Of course getting as little latency as possible by using minimal
system ressources is #1 requirement.

The API should be fullduplex, and allow a tree-like client/server
structure. That means every client can be the "server" of other clients.

My first design was to let the clients waken up by the server but the
server not waiting for client.
I opted for this because it saves some syscalls on server side
( wait for message or semaphore)

This assumes that since the server plays one audio fragment at time,
the clients must have a round-trip time which is <fragment time.

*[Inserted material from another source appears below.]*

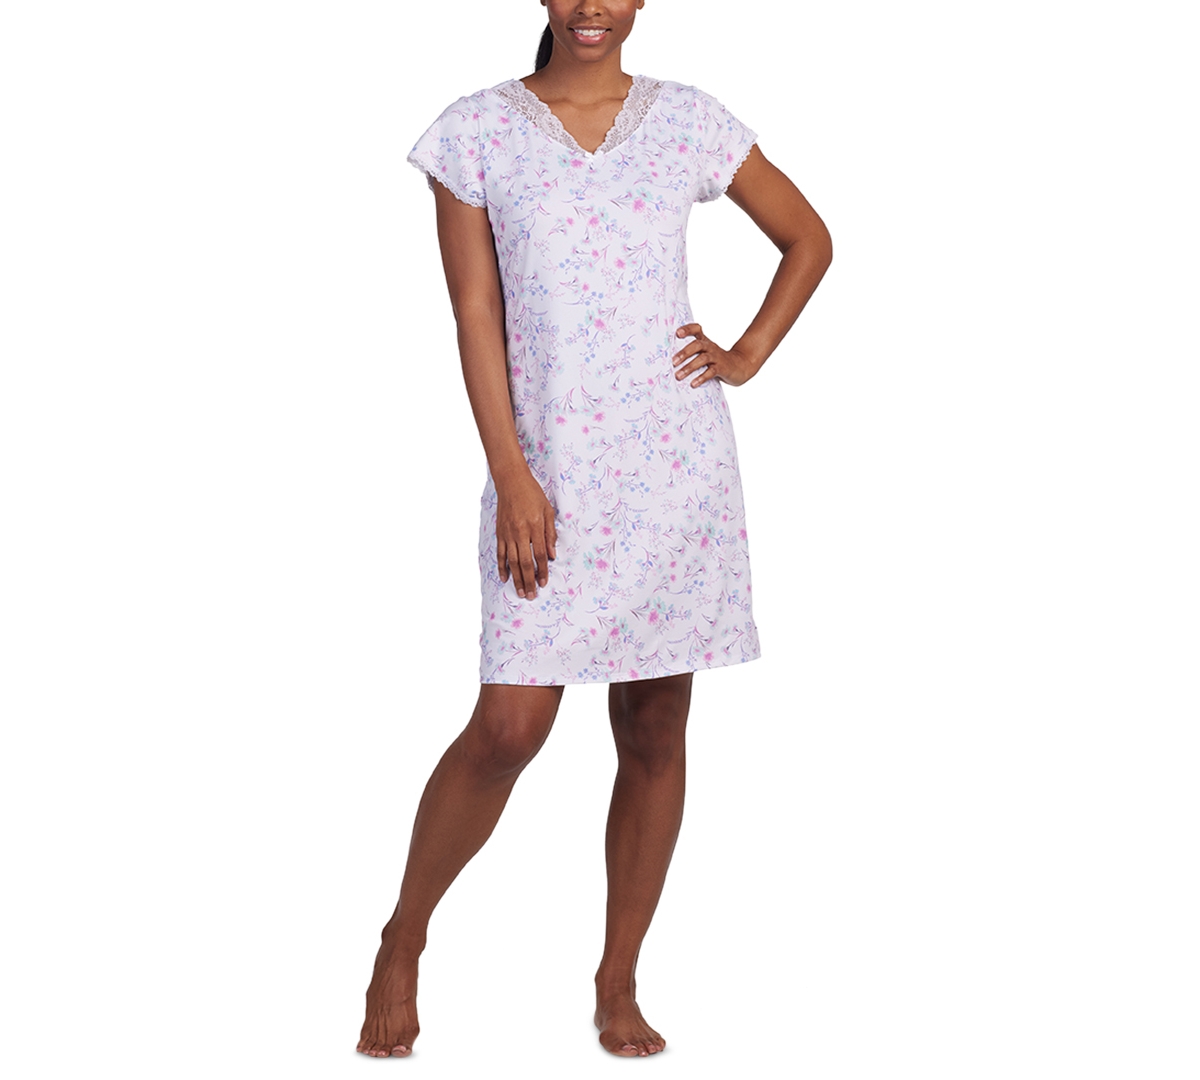 Women's Printed Lace-Trim Nightgown - Pink/lavender Floral

Looking at the latency tests , I came to the conclusion that often we
need more than 2 audio fragments in order to get reliable performance,
becaue the scheduler doesn't always guarantee that our process is
rescheduled in a time <fragment time.

For example using 3x128 audio buffers, sometimes 2 full buffers are utilized
making the above approach unusable.

An other issue is whether to use a pipelined approach or not,
that means introduce addtional latencies by adding buffers
(but not introducing addidional CPU load, because there is no memory ping-pong
copying).
The pipelined approach has the advantage that you can parallelize (run on
multiple CPUs) sequential datapaths since the audio is a data stream.
 (parallel datapaths can be parallelized anyway without pipelining)
It is very simple to implement in the case of one
single server and many clients at the same level.
for example:

client1 <---->-+
                         +---<----> server
client2 <---->-+

But IMHO this flat design is not flexible enough for us.

( David wants to feed his softsynth output into quasimodo and then send
the result to the mucos server, where at this moment an an external mp3 player
is sending his output too)

client1 <-------> client2 <------>--+
                                                            +--<-----> server
client3 <-------------------->--+

I think in order to avoid complex pipeline dependencies,
It would be better to use the not-pipelined approach.
I say this because the number of parallel datapaths in a common DAW enviroment
is often much greater that the number of CPUs.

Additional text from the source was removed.